Mungkin malam ini aku hanya bisa membeli sebungkus nasi untuk ibu saja. Dan seperti biasa aku tidak akan makan demi ibu. Saat kusuapi ibu hanya diam, masih kulihat kebencian di mata ibu, meskipun tak sepatah kata terucap dari bibir ibu. Walau akhirnya ibu mau juga menghabiskan nasi itu. Hatiku kian pilu, kenapa ibu tak bisa mencintai aku. Ibu, tahukan ibu diluar sana kala rintik-rintik air mulai turun aku seret kakiku, aku kedinginan ibu, aku juga kelaparan, dan mereka semua mengejekku. Tahukah ibu, diluar sana setiap hari yang kutuju adalah gunungan sampah, tahukah ibu diluar sana aku dipukuli orang semua demi ibu. Kuceritakan ini semua agar ibu terbuka hatinya. Aku keluarkan bungkusan yang aku siapakan untuk ibu. Aku dekati ibu, seperti biasa kulihat sorot mata ibu yang membenciku.

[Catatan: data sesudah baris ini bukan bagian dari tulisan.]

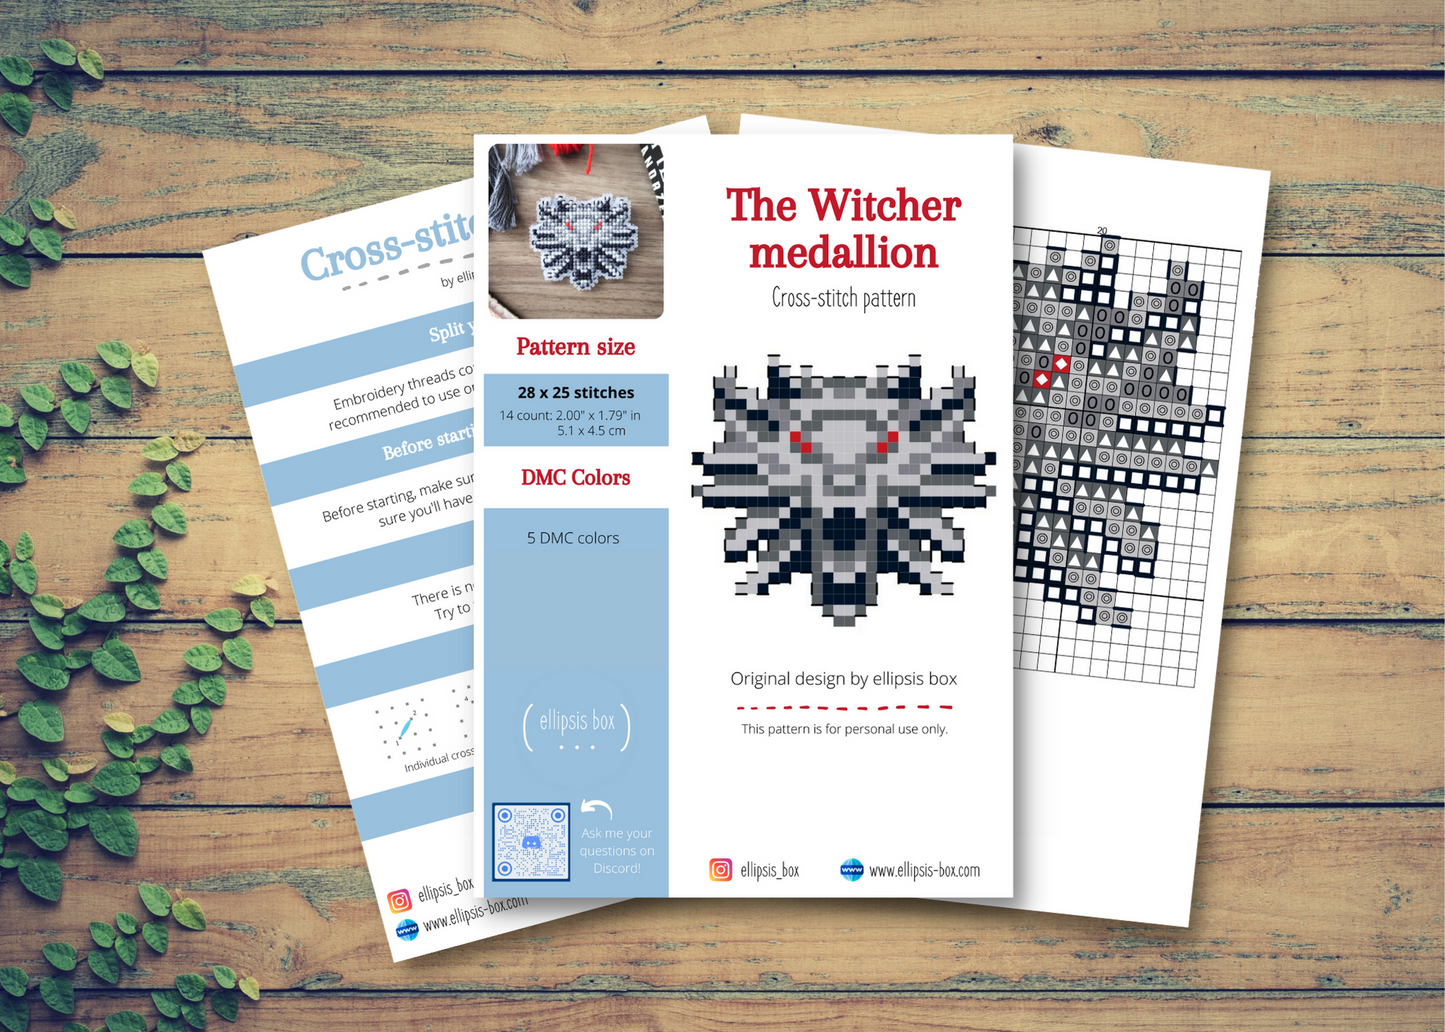 The Witcher 3 medallion - Cross stitch magnet kit

“Ibu, kulihat baju ibu sudah usang dan compang camping, aku ada sedikit uang, dan ini adalah tabunganku selam ini” ucapku sambil membuka bungkusan plastik warna hitam yang aku pegang. Aku pakaikan baju yang aku beli dari pasar tadi siang, meskipun cuma baju murahan . Ibu terlihat bersih saat ini. Tiba-tiba saja tanganku basah oleh sesuatu. Dan saat kulihat ibu ternyata ada buliran-buliran air mata disana. Yah, ada bias cinta pada bola mata ibu. Aku baru sekali ini melihat ibu menangis, bias cinta mata ibu begitu meneduhkan. Tak kulihat lagi kebencian di mata ibu. Aku bagaikan menemukan oase di tengah gurun yang tandus. Rinduku telah tersirami saat buliran-buliran air mata ibu mengenai tanganku. Kuusap lembut pipi ibu yang basah. Aku sayang ibu, aku rindu saat-saat seperti ini sudah lama ibu, Kemudian aku peluk ibu.